In the present study, we demonstrate the potential for microbiota analysis to complement FIT for improved detection of colonic lesions, especially adenomas. We utilized the random forest algorithm, which is a decision tree-based machine learning algorithm for classification that accounts for non-linear data and interactions among features and includes an internal cross-validation to prevent overfitting [19]. With this method we identified bacterial populations that could distinguish healthy individuals from those with adenomas or carcinomas. In doing so, we confirmed previously observed associations of certain bacterial taxa with CRC. Many lesions detected using the microbiota were distinct from those detected by FIT, suggesting the microbiota could complement FIT to improve sensitivity.

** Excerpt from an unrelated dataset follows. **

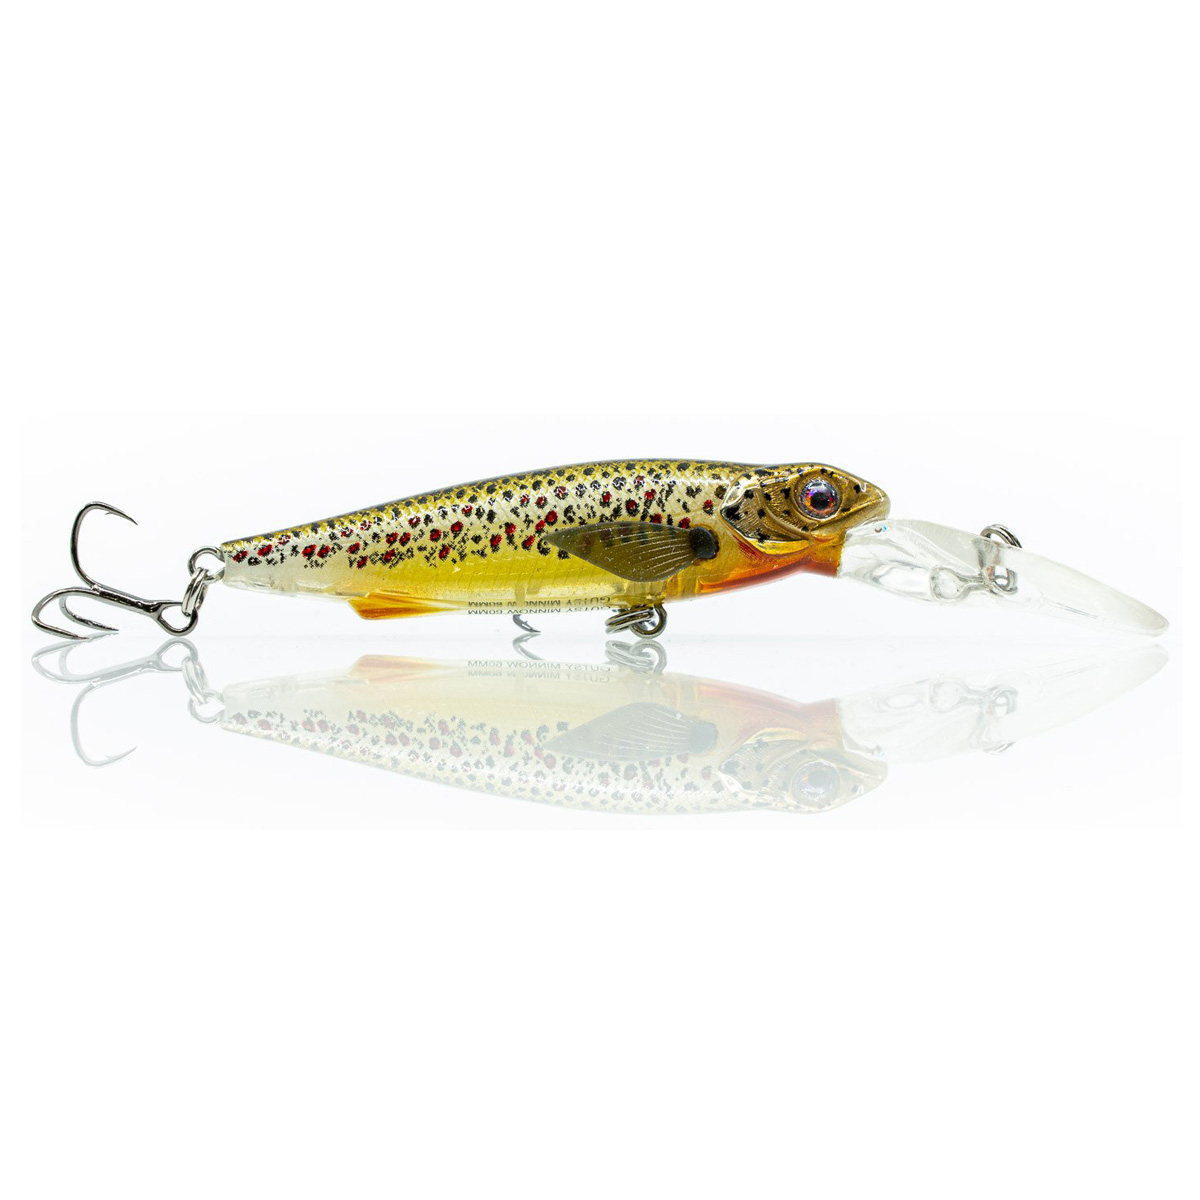 Chasebaits Gutsy Minnow Shallow Hard Body Lure Brown Trout

By incorporating data on hemoglobin and bacterial abundances into a single model (labeled the multitarget microbiota test or MMT), we were able to improve the sensitivity for adenomas and cancer compared to FIT alone.

Methods

Study design/patient sampling

Eligible patients for this study were aged at least 18 years, willing to sign informed consent, able to tolerate removal of 58 mL of blood, and willing to collect a stool sample. Patient age at the time of enrollment was in the range of 29–89 years with a median of 60 years. All patients were asymptomatic and were excluded if they had undergone surgery, radiation, or chemotherapy for current CRC prior to baseline samples or had inflammatory bowel disease, known hereditary non-polyposis CRC, or familial adenomatous polyposis. Colonoscopies were performed and fecal samples were collected from participants in four locations: Toronto (ON, Canada), Boston (MA, USA), Houston (TX, USA), and Ann Arbor (MI, USA). Patient diagnoses were determined by colonoscopic examination and histopathological review of any biopsies taken. Patients with an adenoma greater than 1 cm, more than three adenomas of any size, or an adenoma with villous histology were classified as advanced adenoma. Whole evacuated stool was collected from each patient either prior to colonoscopy preparation or 1–2 weeks after colonoscopy. This has been shown to be sufficient time for the microbiota to recover from colonoscopy preparation [20]. Stool samples were packed in ice, shipped to a processing center via next day delivery, and stored at –80 °C. The University of Michigan Institutional Review Board approved this study, and all participants provided informed consent. This study conformed to the guidelines of the Helsinki Declaration.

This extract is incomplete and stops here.